# Learning Objectives

In the Asynchronous Lecture

• Understanding the components of a good quantitative visualization
• An introduction to the grammar of graphics (`ggplot2`)
• Delving into the different `geom`etric projections available to you when visualizing:
• continuous on continuous data;
• continuous on categorical data; and
• categorical on categorical data.
• Tweaking aesthetics with themes and scales.
• Combining many plots with `facet`ing and `patchwork`

In the Synchronous Lecture

• Further develop our understanding of the `ggplot2` package with an applied walkthrough
• Discuss how to export `ggplot2` graphics.
• Discover some third-party packages that make specific visualization tasks easier.

If you have any questions while watching the pre-recorded material, be sure to write them down and to bring them up during the synchronous portion of the lecture.

# Asynchronous Materials

The following tabs contain pre-recorded lecture materials for class this week.
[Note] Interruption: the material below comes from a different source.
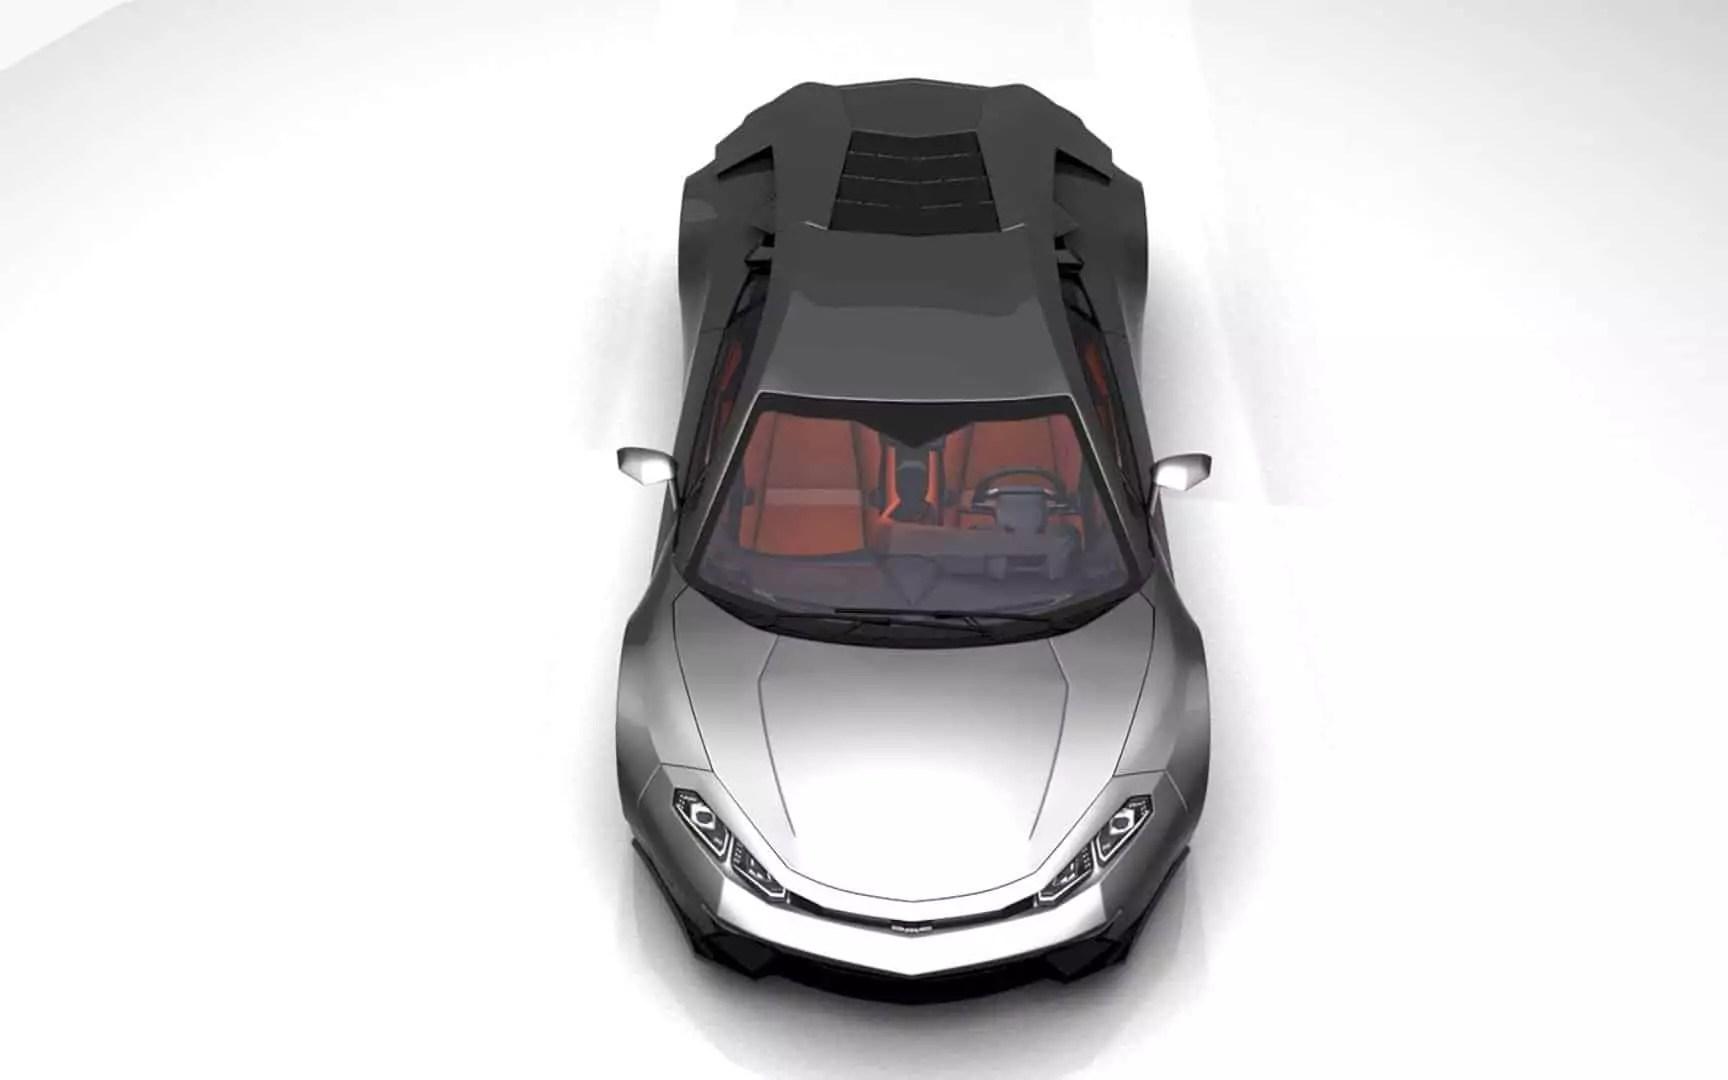 DMC DeLorean: A Contemporary Conceptual Design of DeLorean Classic Car

Please review these materials prior to the synchronous lecture.

Total time: Approx. 1 hour and 12 minutes

## Grammar of Graphics

### Code from the video

``````require(tidyverse)

# Data ------------------------------------------------------------------

# Simulated Data
set.seed(1234)
dat <-
tibble::tibble(var1 = rnorm(100),
var2 = var1 + rnorm(100))

summary(dat)

# Grammar of Graphics --------------------------------------------------
ggplot(data = dat, aes(x = var1, y = var2, color = var1)) +
geom_point()``````

## Continuous Data

### Code from the video

``````require(tidyverse)

# Data --------------------------------------------------------------------

# Simulated Data
set.seed(1234)
dat <-
tibble::tibble(var1 = rnorm(1000),
var2 = var1 + rnorm(1000))

summary(dat)

dat

# Continuous Univariate -----------------------------------------------------

# Histogram
ggplot(data = dat, aes(x = var1)) +
geom_histogram()

# Density Plot
ggplot(data = dat, aes(x = var1)) +
geom_density(fill="blue",color="white",alpha=.5)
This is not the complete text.